- Genre: educational
- Based on: Demining of Ukraine Patron
- Written by: Oleksandra Ruban
- Directed by: Anastasiya Falileyeva
- Country of origin: Ukraine
- Original language: Ukrainian
- No. of seasons: 1
- No. of episodes: 16

Original release
- Release: 7 January 2023 – present

= Pes Patron =

Educational-animated series for children published on YouTube

Pes Patron (Пес Патрон) is an educational-animated series for children published on YouTube (Patron The Dog, https://www.youtube.com/@patronthedog}). The aim of the series is to educate children to move safely in a war zone where are e.g. land mines and other dangers. One third of the area of Ukraine is considered dangerous to move on during the time of the debut. The series is also meant to give the children something else to think during the time of war. The primary audience are children aged 6 to 8 and older.

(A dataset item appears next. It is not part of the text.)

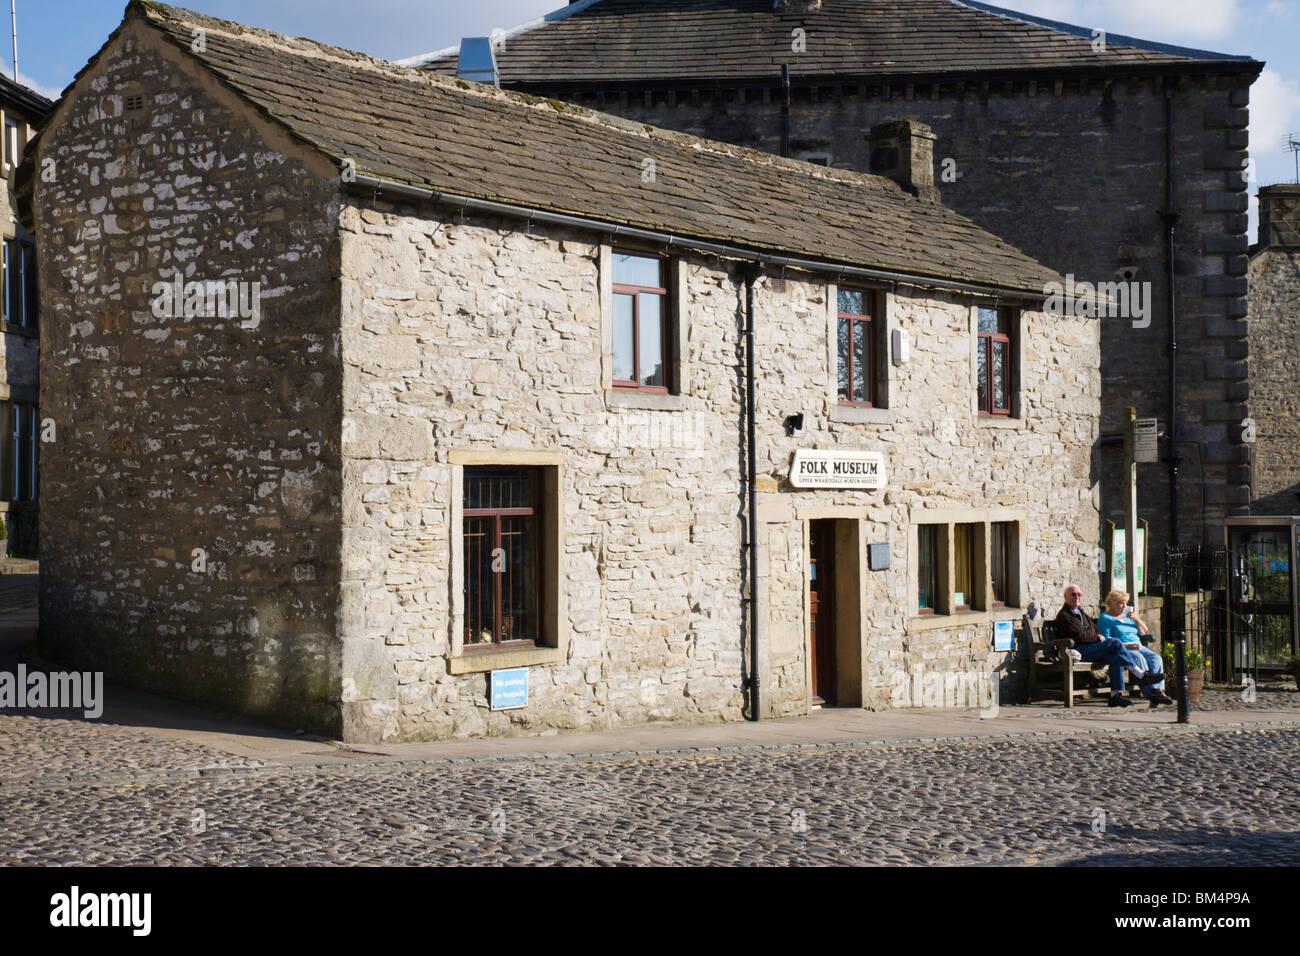 The Folk Museum in Grassington village, North Yorkshire, England. Stock Photo
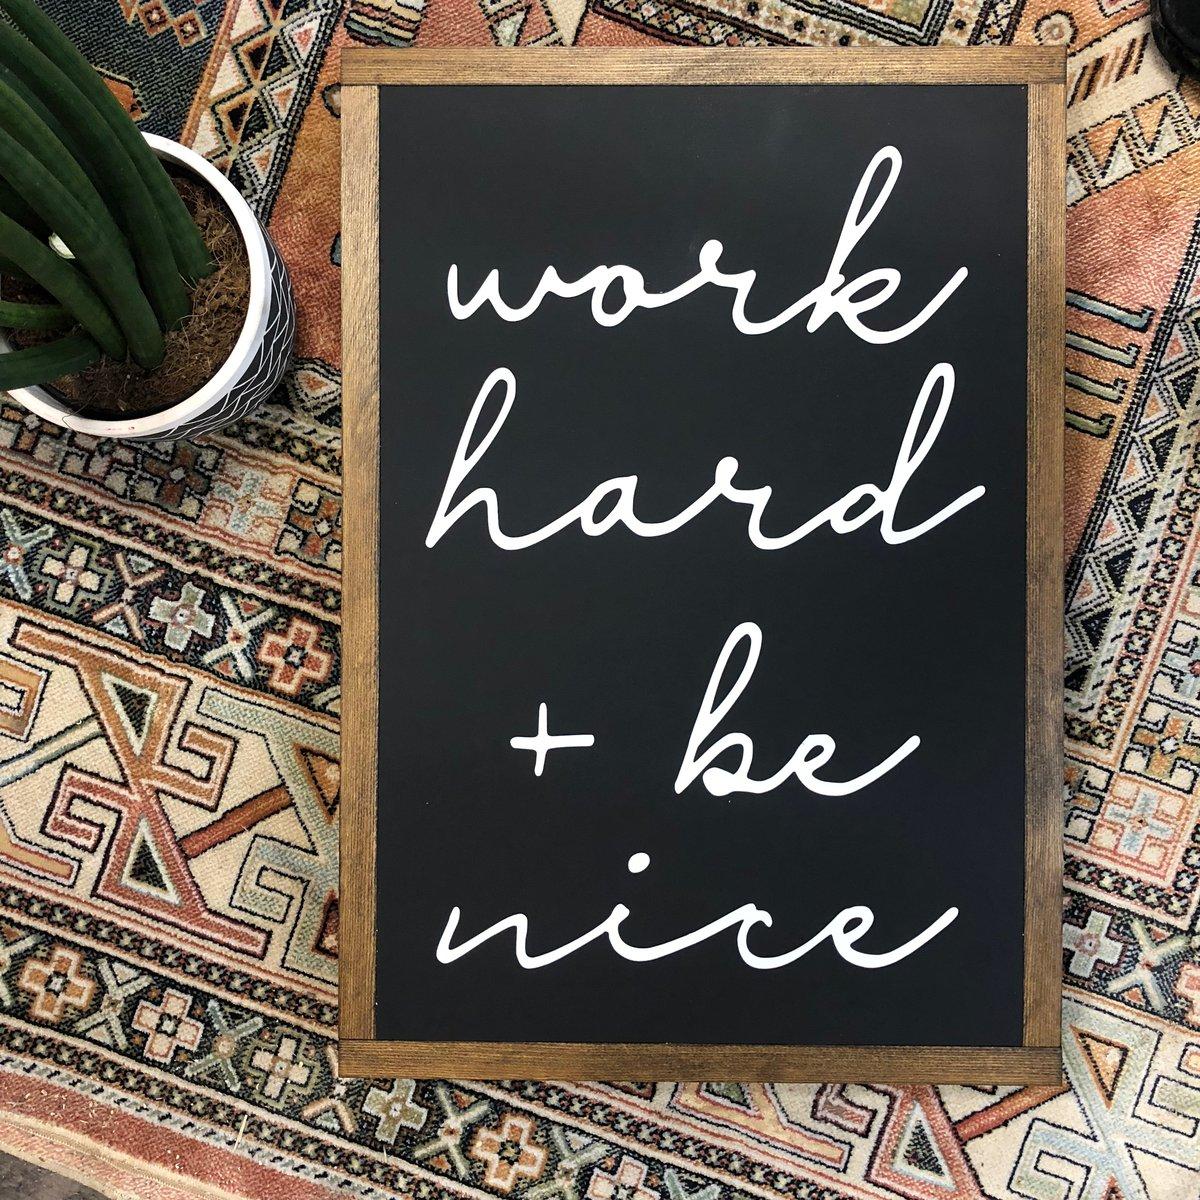 Image of Work Hard and Play Nice

The series is directed by Anastasiya Falileyeva and written by Oleksandra Ruban who also came up with the idea of the series. The distribution is handled by Megogo and the opening song is made by a Ukrainian punk-rock band called Karta Svitu. The production of the series was supported by USAID and UNICEF.

A teaser for the series was published on YouTube on December 28, 2022. The first episode came out on January 7, 2023.

The cancellation of USAID grant programs by the Trump administration halted production of the series.

== Plot ==
Patron is a Jack Russell Terrier working for the State Emergency Service of Ukraine as a bomb-sniffing dog. In the series, Patron saves other animals, defuses bombs and fights against things called bubukhi.

In addition Patron has a friend, a cat called Tom, to whom Patron tells about his adventures.